Data retention and data life cycle management

In this we will learn and understand about Data retention and data life cycle management.

Retention policies

When creating a new bucket, you can specify a retention policy, or you can add one to an existing bucket. Adding a retention policy to a bucket, on the other hand, ensures that all present and future objects in the bucket cannot be removed or replaced until they meet the retention policy’s defined age. The 403 – retentionPolicyNotMet issue occurs when attempting to remove or replace objects that are older than the retention period.

For example, say you have a bucket with two objects in it: Object A you added a month ago, and Object B you added two years ago. However, if you apply a retention policy to your bucket that has a retention period of 1 year, you cannot delete or replace Object A for another 11 months. As it is currently 1 month old, but must be a least 1 year old to delete or replace. Object B, on the other hand, can be immediately destroyed or replaced. Because its age exceeds the retention period. If you opt to replace Object B, the age of the new version of Object B will reset to 0 years.

Further, when working with retention policies, keep in mind the following:

Firstly, unless the retention policy is locked, you can increase, decrease, or remove the retention policy from a bucket.
Secondly, changing a retention policy is considered a single Class A operation, regardless of the number of objects affected.
An object’s editable metadata is not subject to the retention policy and can be modified even when the object itself cannot be.
Thirdly, a retention policy contains an effective time, the time after which all objects in the bucket are guaranteed to be in compliance with the retention period.
Next, Retention policies and Object Versioning are mutually exclusive features in Cloud Storage. However, for a given bucket, only one of these can be enabled at a time.
Object Lifecycle Management can be used to delete objects in a bucket, even if the bucket has a locked policy. A lifetime rule, on the other hand, will not remove an item until it has met the retention policy.
Finally, if your bucket has a retention policy, you should avoid performing parallel composite uploads. This is due to the fact that the component components cannot be deleted until the bucket’s minimum retention term has been met.

Retention periods

Although most tools, such as the Google Cloud Console and gsutil, assess retention durations in seconds, some tools, such as the Google Cloud Console and gsutil. For convenience, these tools allow you to specify and view retention periods in other time units.

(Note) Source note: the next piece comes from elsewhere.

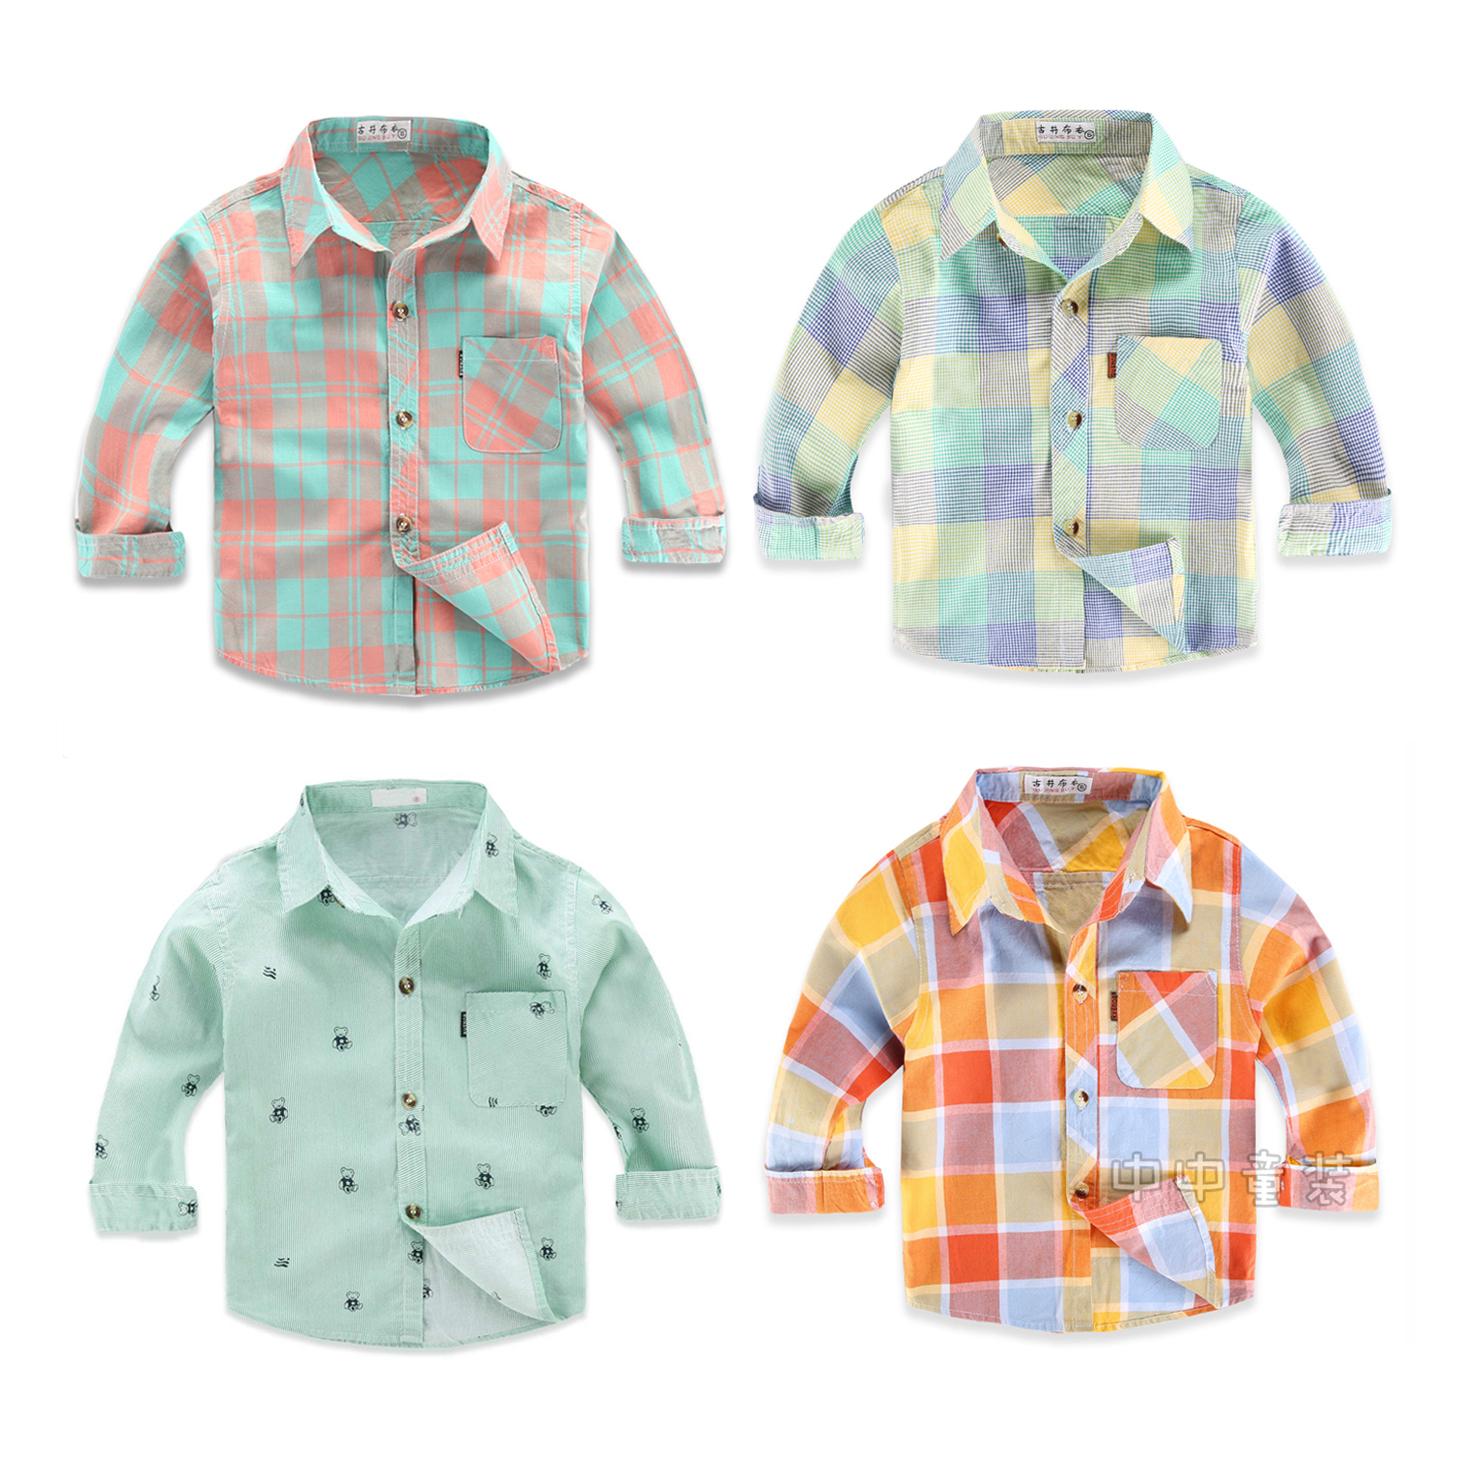 Kids Boys Top Long Sleeve Shirt Cotton Jacket Baby Plaid Shirt Kids Clothing Tops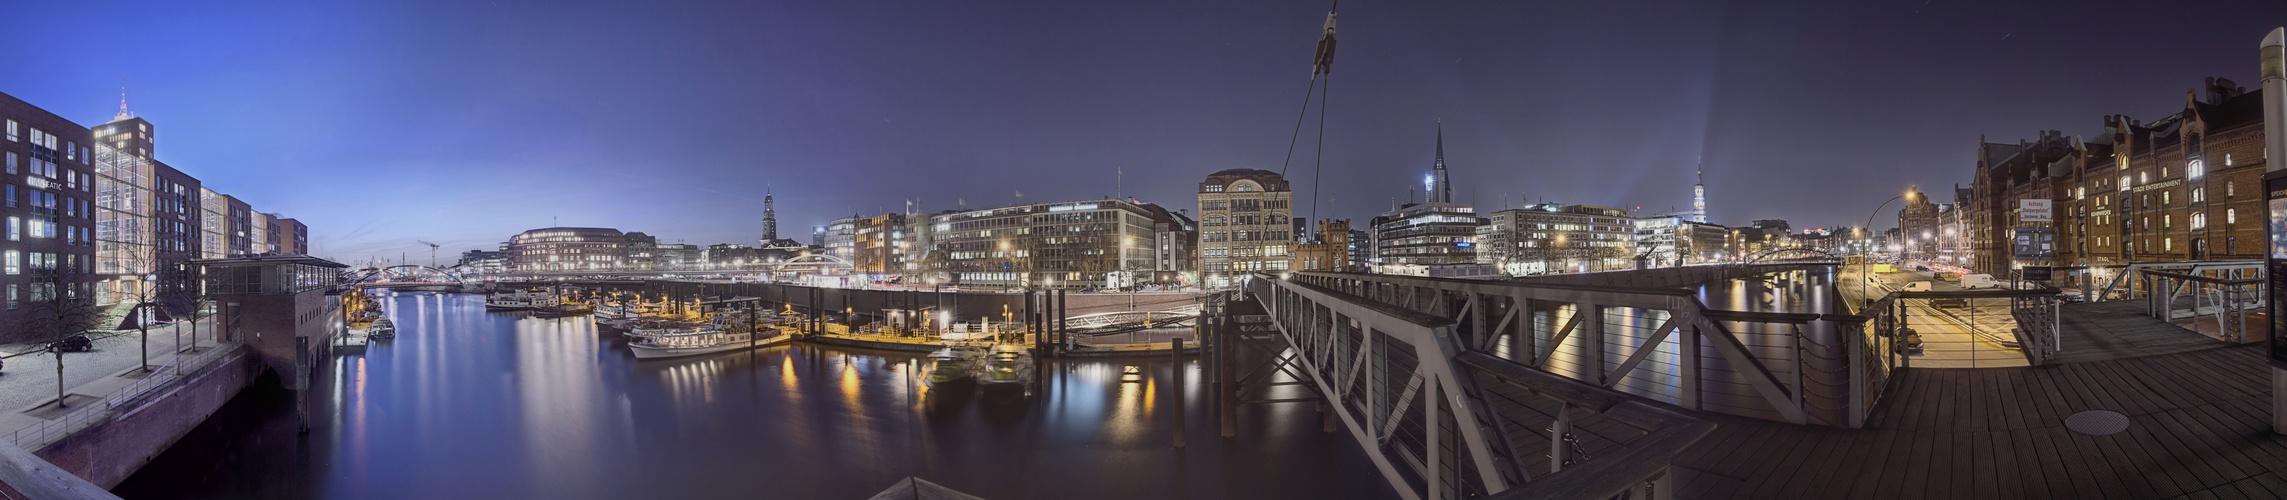 Panorama vom Fleet

In such instances, the following conversions apply:

Firstly, a day is considered to be 86,400 seconds.
Secondly, a month is considered to be 31 days, which is 2,678,400 seconds.
Lastly, a year is considered to be 365.25 days, which is 31,557,600 seconds.

Further, you can set a maximum retention period of 3,155,760,000 seconds (100 years).

Retention policy locks

When you lock a retention policy on a bucket, you prevent it from being withdrawn or the retention time from being shortened in the future. If you try to delete or shorten the policy term of a locked bucket, however, it will fail. Then a 400 BadRequestException error appears. You can’t delete a bucket once it’s been locked by a retention policy. This will continue until all of the objects in the bucket have reached the end of their retention period.

Locking a retention policy, on the other hand, is irreversible, and you should be aware of the repercussions before using this option. When you use a retention policy that isn’t locked. After that, you can remove the policy, allowing you to continue deleting items as needed. To “remove” a retention policy that has been locked, you must delete the entire bucket. However, you won’t be able to remove the bucket if it contains objects that haven’t yet reached the end of their retention period. To “delete” a locked retention policy, you must wait until all objects in the bucket have reached the end of their retention time. When you get to that point, though, you can delete the bucket.

Data lifecycle has four steps.

Firstly, Ingest: The first stage is to pull in the raw data, such as streaming data from devices, on-premises batch data, app logs, or mobile-app user events and analytics.
Secondly, Store: After the data retrieves, it needs to be stored in a format that is durable and can be easily accessed.
Thirdly, Process and analyze: In this stage, the data transforms from raw form into actionable information.
Lastly, Explore and visualize: The final stage is to convert the results of the analysis into a format that is easy to draw insights from and to share with colleagues and peers.

Ingest

There are a number of approaches you can take to collect raw data, based on the data’s size, source, and latency.

Firstly, App: Data from app events, such as log files or user events, typically collects in a push model, where the app calls an API to send the data to storage.
Secondly, Streaming: The data consists of a continuous stream of small, asynchronous messages.
Thirdly, Batch: Large amounts of data stores in a set of files that are transferred to storage in bulk.

Mapping Google Cloud services to app, streaming, and batch data. — **Image Source: GCP**

Ingesting app data

Data is generated in large quantities by apps and services. App event logs, clickstream data, social network interactions, and e-commerce transactions are examples of this type of data. Furthermore, gathering and analysing event-driven data might show user tendencies as well as provide useful business insights. However, Google Cloud offers a number of services for hosting apps, ranging from Compute Engine’s virtual machines to App Engine’s managed platform to Google Kubernetes Engine’s container management (GKE).

Consider the following examples:

Firstly, Writing data to a file: An app outputs batch CSV files to the object store of Cloud Storage.
Secondly, Writing data to a database: An app writes data to one of the databases that Google Cloud provides.
Lastly, Streaming data as messages: An app streams data to Pub/Sub, a real-time messaging service.

Ingesting streaming data

Streaming data is sent asynchronously, with no expectation of a response, and the packets are tiny. Streaming data is frequently used in telemetry, which collects data from geographically separated devices. Further, this can also be utilized to fire event triggers, perform complicated session analysis, and feed machine learning activities.

Here are two common uses of streaming data.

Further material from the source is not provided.